The change took place last week at a meeting of the country's rubber-stamp legislature, following a proposal from Kim Jong Un in January, but past propaganda on revisions to the constitution had offered few details.
KCNA say blowing border links was 'inevitable and legitimate measure' given new status
The new status was mentioned in a KCNA report on North Korea detonating symbolic roads and railways still linking it to the South two days earlier.
The state-controlled news agency said that the army had taken "a measure to physically cut off the DPRK's roads and railways which lead to the ROK [South Korea]" which was "part of the phased complete separation of its territory, where its sovereignty is exercised, from the ROK's territory."
North Korea's formal name is the Democratic Republic of Korea (DPRK) and South Korea's the Republic of Korea (ROK).
KCNA reported that the destruction of connecting infrastructure was an "inevitable and legitimate measure taken in keeping with the requirement of the DPRK Constitution which clearly defines the ROK as a hostile state."
While the report did not elaborate on the details of the constitution change, North Korea's Supreme People's Assembly had convened last week and KCNA had made passing mention of amendments to the constitution without offering many details.
An 'expected' confirmation
In January, Kim had called for a constitutional amendment to erase reunification with the South as a national goal while accusing Seoul of colluding with the US to seek the collapse of his regime.
"There may still be an internal propaganda review underway about the appropriate way to disclose the constitutional revisions, but this confirmation was expected," Ankit Panda, an expert with the Carnegie Endowment for International Peace, told the Associated Press.

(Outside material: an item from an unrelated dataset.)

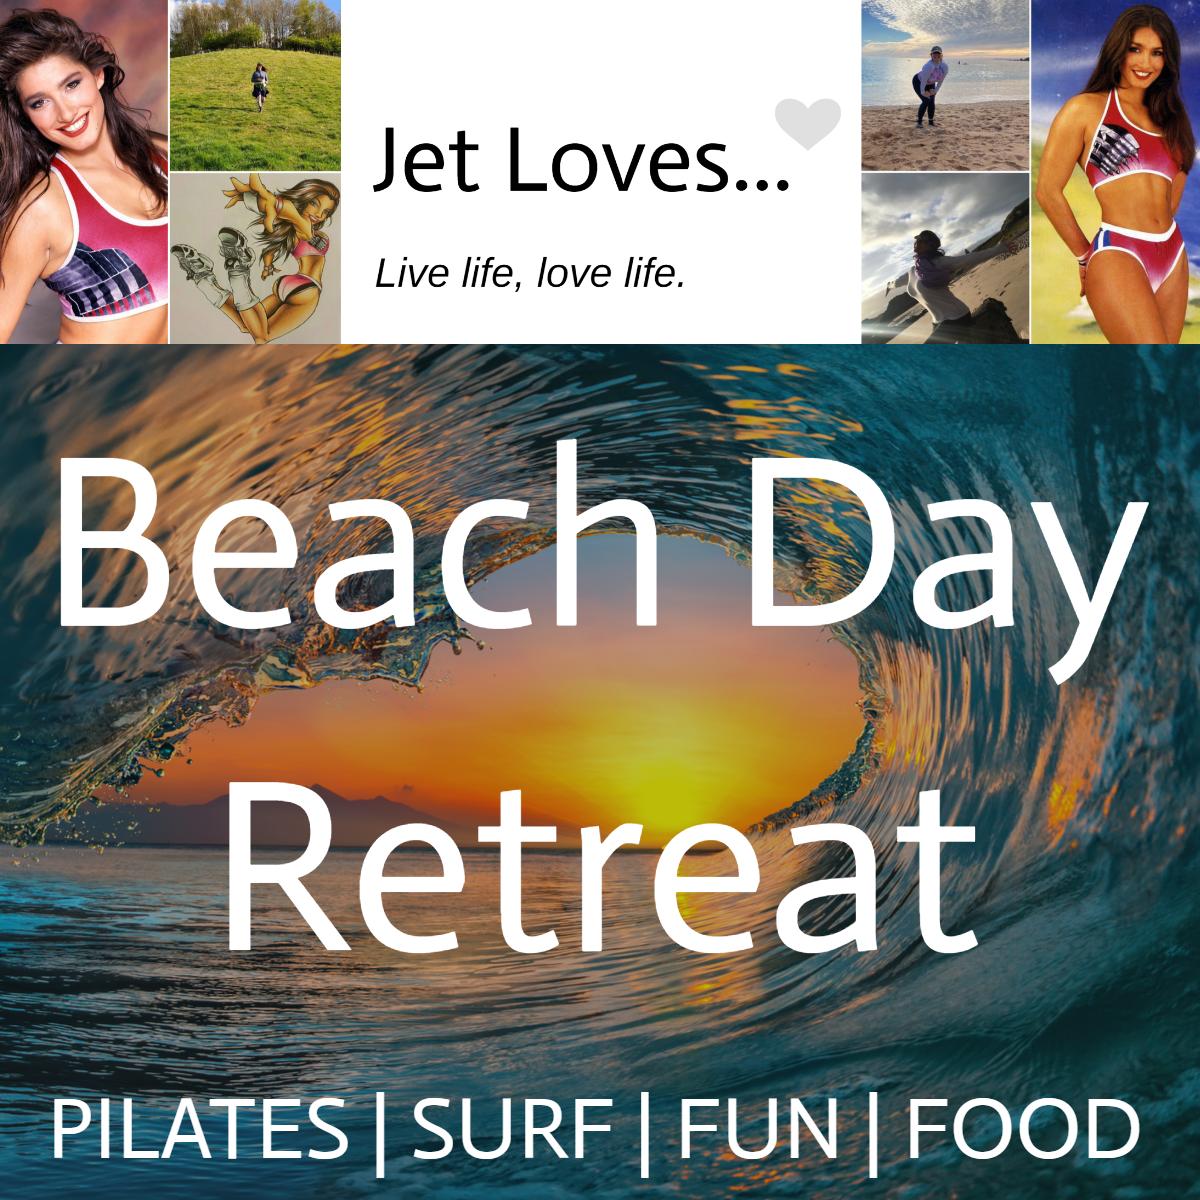 Women Together Beach Day Retreat

In response, South Korea has said it will continue to pursue reunification but will respond to any mounting aggression with force. It fired warning shots south of the border when the North detonated the roads and railways.
Some experts warn this could be Kim making legal room to use nuclear weapons against the South by legally defining it as an enemy state.
Others say he may instead be seeking to guard against South Korean culture and cement his family's grip on power closer to home, given the vast and still widening gap in living standards in the two countries.
Worsening relations
Animosity between the two neighbors increased over the last few days when Pyongyang accused Seoul of flying drones over it three times this month, warning of military reprisals in the future.
While the South initially denied claims about the drones, it later changed tactics and refused to comment.
Moreover, Pyongyang has increased testing of nuclear-capable ballistic missiles over the last year which it says is in response to military drills and collaboration between South Korea and the nuclear-armed US.
Formally, the two countries have been in a state of war since 1950 as the Korean War concluded with an armistice rather than peace treaty in 1953.